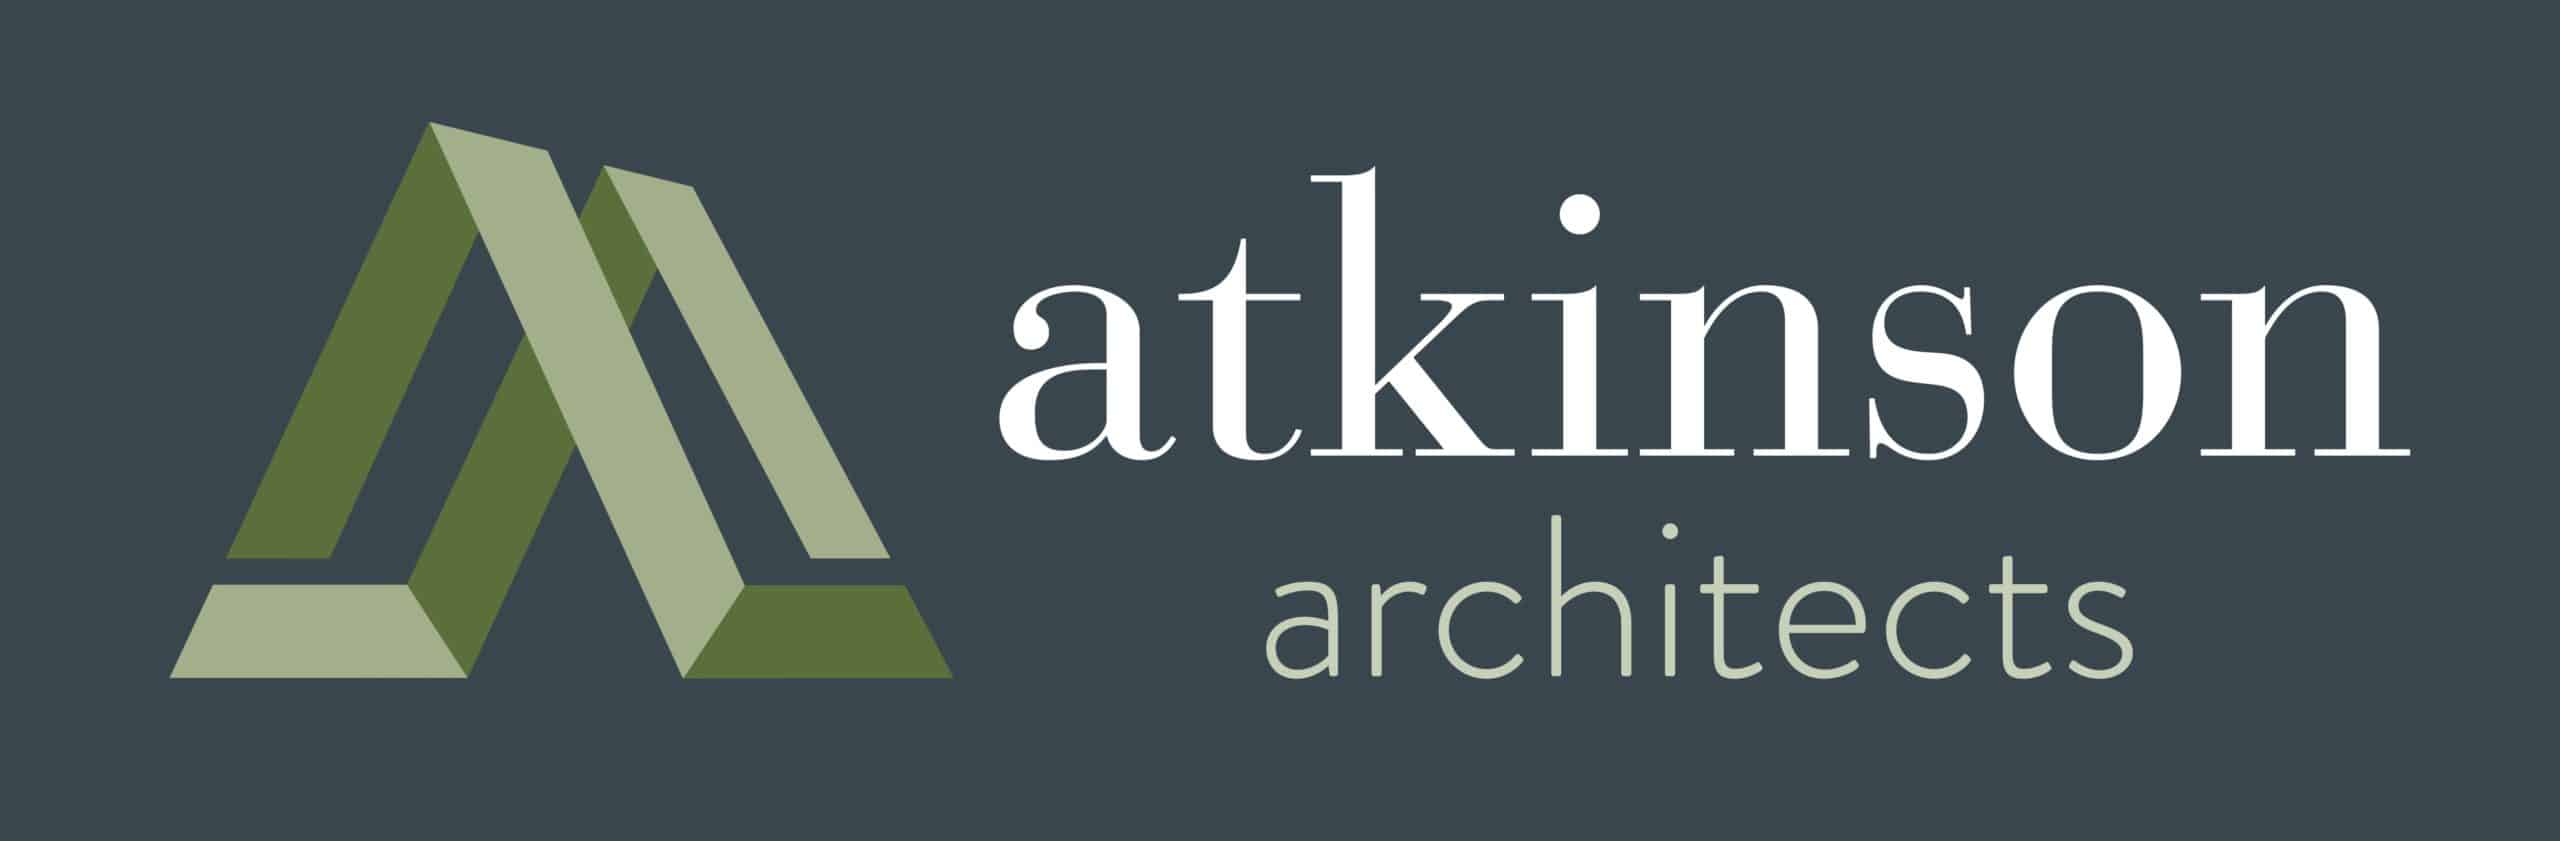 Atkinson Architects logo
--
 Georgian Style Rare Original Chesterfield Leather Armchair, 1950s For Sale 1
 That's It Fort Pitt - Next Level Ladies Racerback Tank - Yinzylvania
...
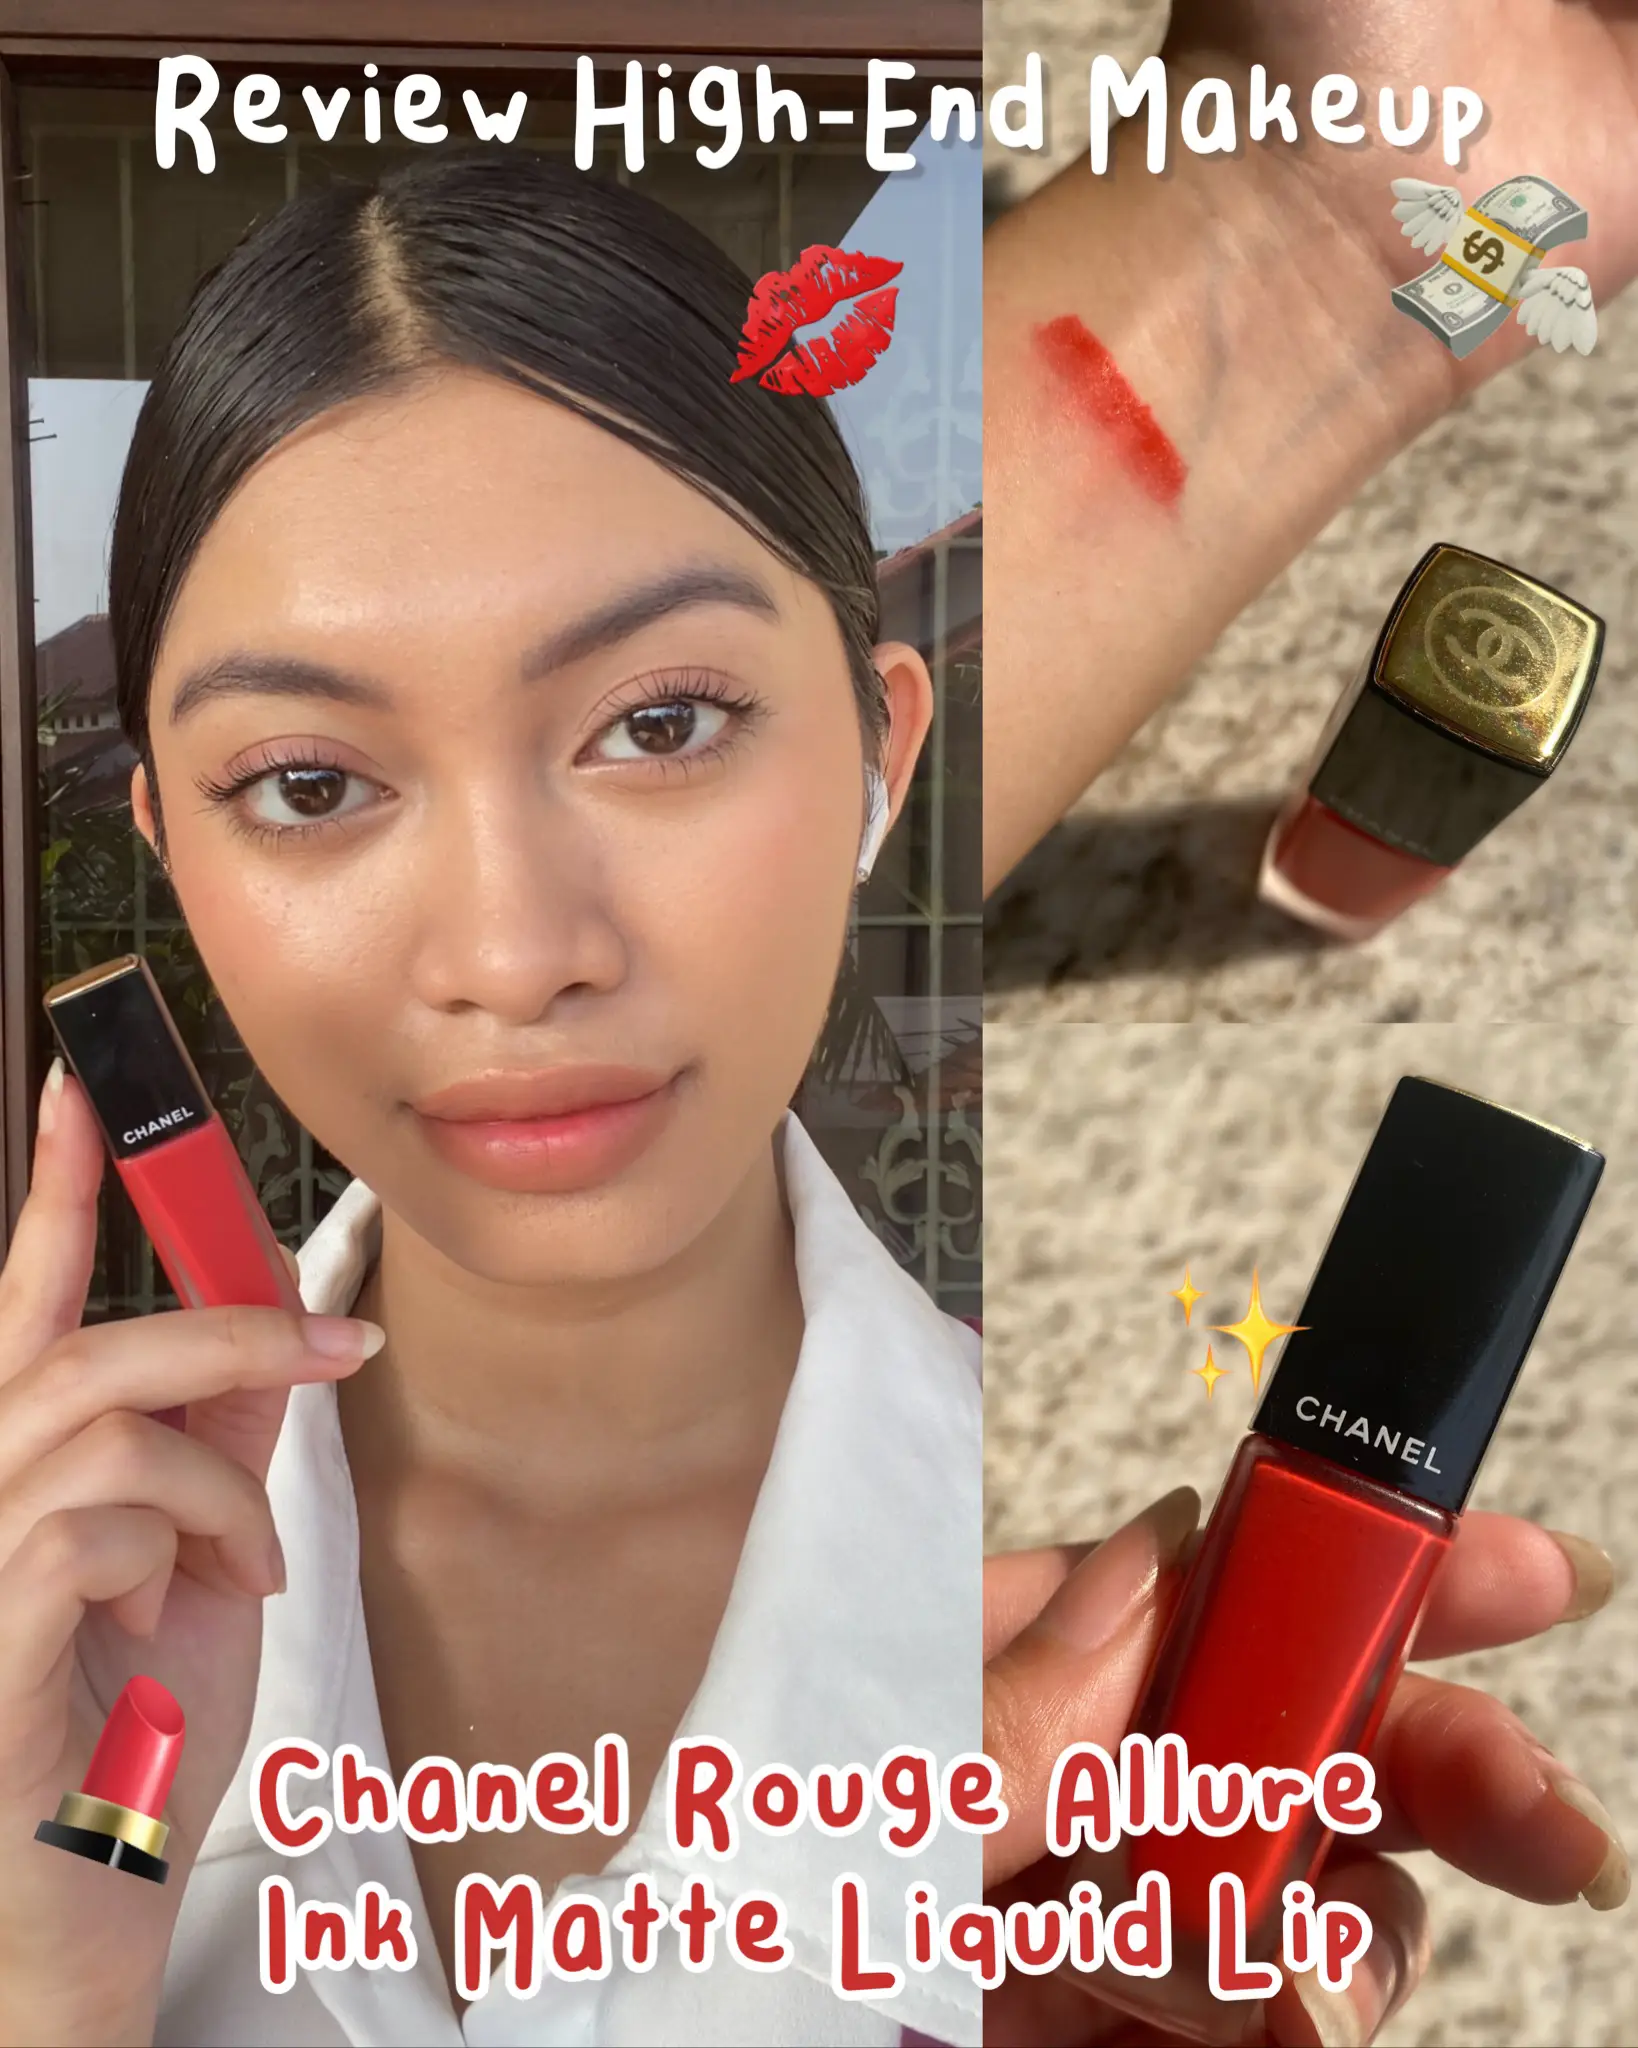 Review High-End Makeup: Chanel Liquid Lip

### THE PROBLEM
Your answer must be the lines above from the one containing "Georgian Style Rare" to the one containing "That's It Fort", both included, restated word for word.

### YOUR SOLUTION
 Georgian Style Rare Original Chesterfield Leather Armchair, 1950s For Sale 1
 That's It Fort Pitt - Next Level Ladies Racerback Tank - Yinzylvania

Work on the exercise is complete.